Bayrou, portanto, lucrou com uma derrota previsível no Parlamento, que, no entanto, tem mais o sabor de um reconhecimento de uma situação que ele próprio definiu como insustentável e que, portanto, tinha muito poucas hipóteses de evitar o voto de desconfiança. No que o Le Monde definiu como uma “jogo de pôquer” jogado por BayrouNa tentativa de expor os blefes da maioria e da oposição, 194 dos 364 deputados votaram contra o governo. Antes do voto de confiança, realizado no final da tarde, Bayrou reiterou a gravidade da situação e a urgência da ação em seu discurso à Assembleia Nacional: "O país está agora 'viciado' em dívidas", disse ele. "As despesas ordinárias da França, as despesas com a nossa vida diária, com os serviços públicos, com as pensões, com o reembolso dos nossos formulários de segurança social, habituámo-nos a financiá-las a crédito."

O Primeiro Ministro usou a metáfora do barco afundando: “Para salvá-la e salvar-nos a nós próprios e aos nossos filhos, temos de agir sem perder mais tempo.” O Primeiro-Ministro defendeu então o seu “plano de avançar para a redução da dívida, para que a França possa escapar àonda inexorável de dívida que o submergirá dentro de quatro anos". "O pacto geracional já foi quebrado - disse Bayrou na Câmara -. Os jovens terão que suportar, por vinte ou trinta anos ou até mais, o peso dos milhares de bilhões de dívidas que seus antecessores contraíram e não equipar o país para o futuro como seria necessário, mas apenas para cobrir as despesas correntes da vida diária que num país normal cada geração teria de sustentar sozinha", disse Bayrou com palavras duras mas de grande responsabilidade política.

A bola agora está no campo de Macron, mas as tensões estão aumentando no país: os sindicatos estão prometendo barricadas para quarta-feira.

Palavras que, no entanto, não têm em conta um país nas cordas: a terapia de choque proposta pelo Primeiro-Ministro é, por um lado, absolutamente razoável e mesmo necessária, mas aA França é um barril de pólvora social há vários anos, com os índices de aprovação do presidente Macron caindo a níveis impensáveis ​​(77% dos franceses o rejeitam), e as tensões prestes a explodir a qualquer momento, especialmente em um momento em que sacrifícios são abertamente exigidos da população. Prova disso é a iniciativa de alguns sindicatos. para bloquear o país na quarta-feira, 10 de setembro, para enviar um sinal claro à classe política: são esperadas sérias perturbações e até mesmo a possibilidade de a França ser devastada por manifestantes, como aconteceu no passado recente com os coletes amarelos em 2018 e as greves selvagens em 2022.
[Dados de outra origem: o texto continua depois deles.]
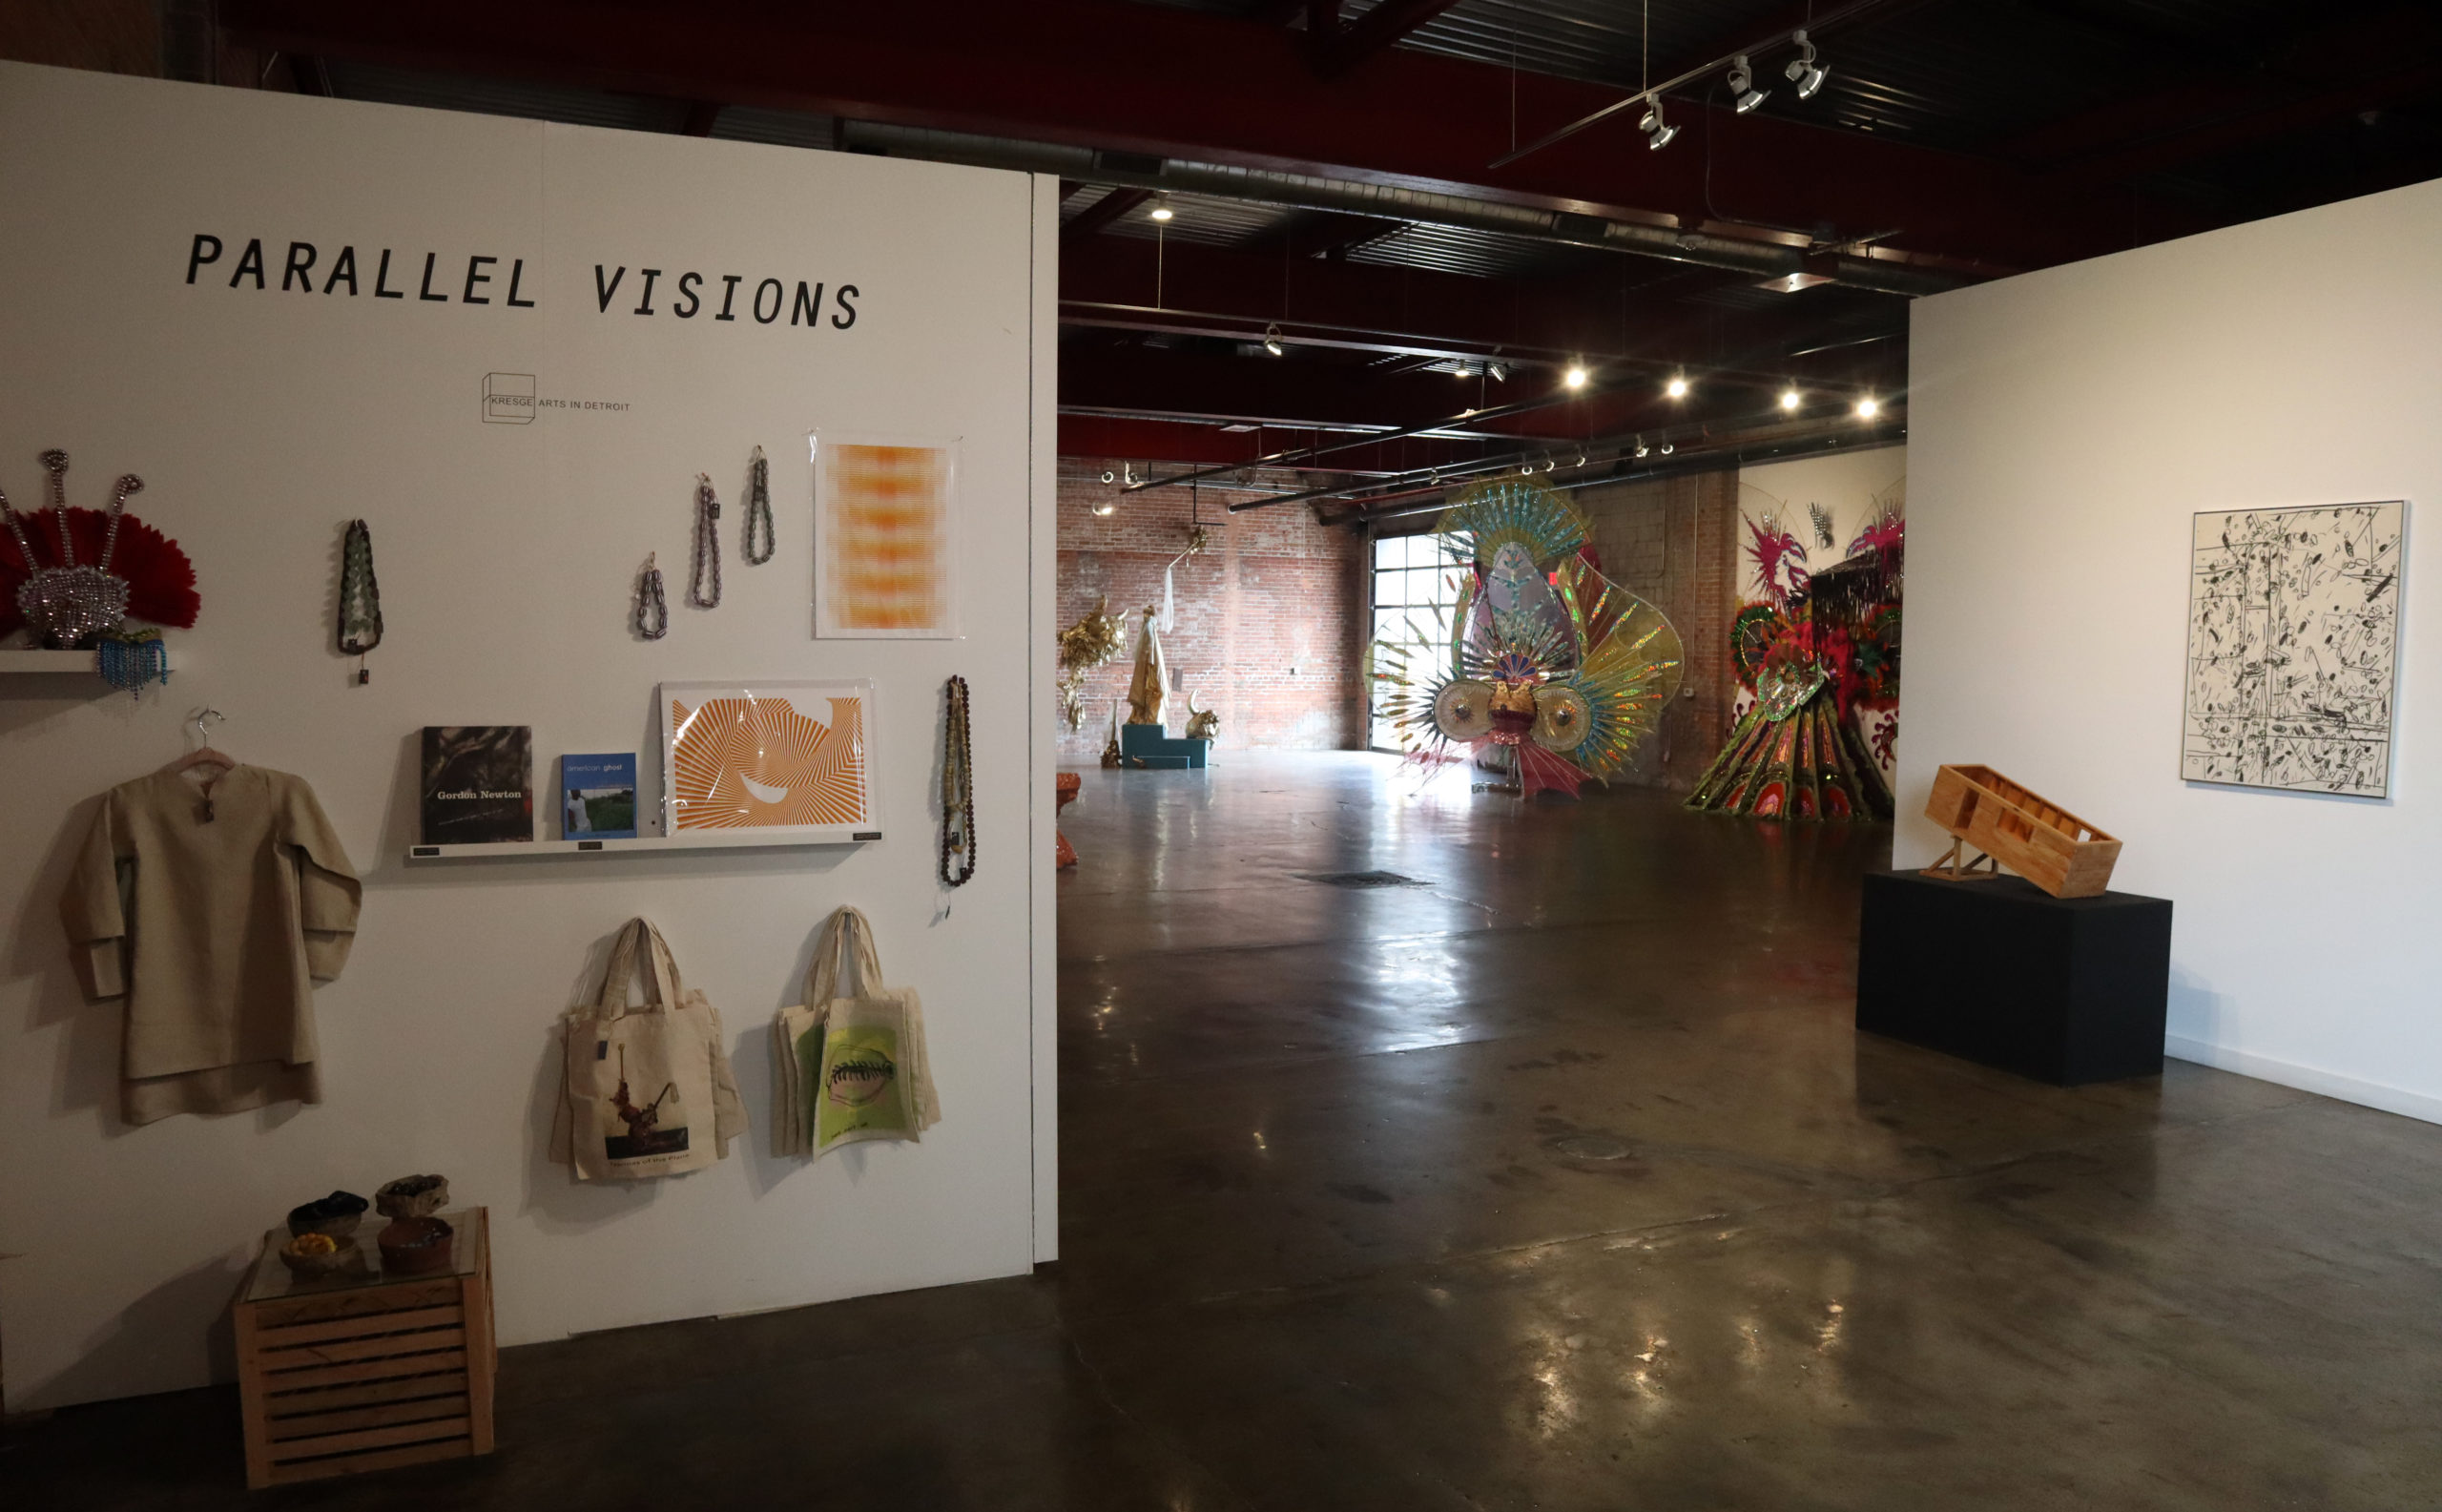 Wasserman Projects exhibit called 'Parallel Visions'
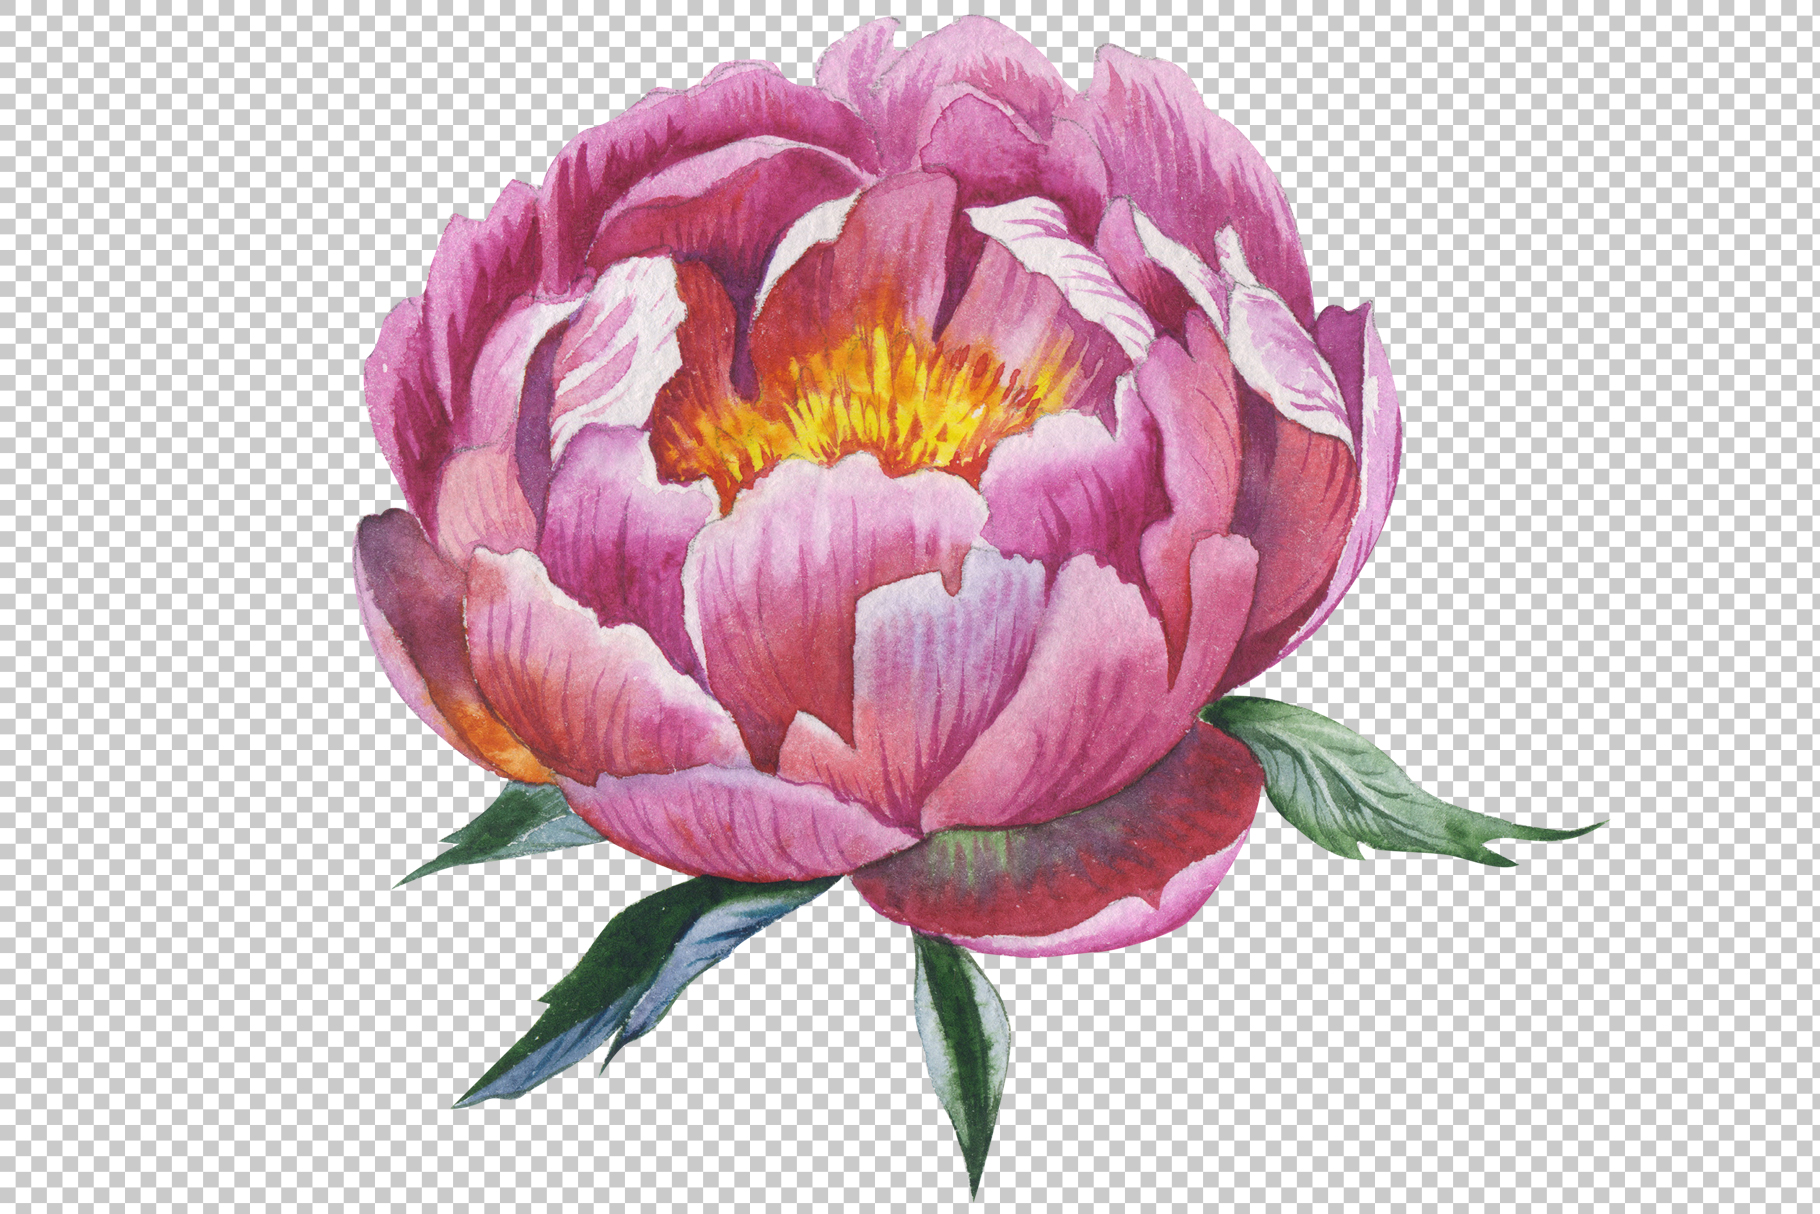 Red peony watercolor flower PNG (97885) | Illustrations | Design Bundles

Aproveitando este descontentamento, a França Insubmissa de Jean Luc Mélenchon, vencedora das eleições legislativas do ano passado e inicialmente aliada de Macron, que mais tarde se tornou o seu mais feroz oponente, anunciou uma moção de impeachment do Presidente da República para o próximo dia 23 de setembro. De fato, a lei francesa permite que Macron — que a oposição considera o principal culpado por esta situação, que Bayrou simplesmente detonou — seja destituído do cargo, embora isso ainda envolva um processo longo e tortuoso. Os acontecimentos atuais, no entanto, exigem que o Presidente da República tome uma decisão de grande responsabilidade, ainda em pleno exercício do cargo: após receber um voto de desconfiança, Bayrou declarou: deixará a decisão final sobre seu mandato nas mãos de Macron, que amanhã – terça-feira, 9 de setembro – terá que decidir o que fazer.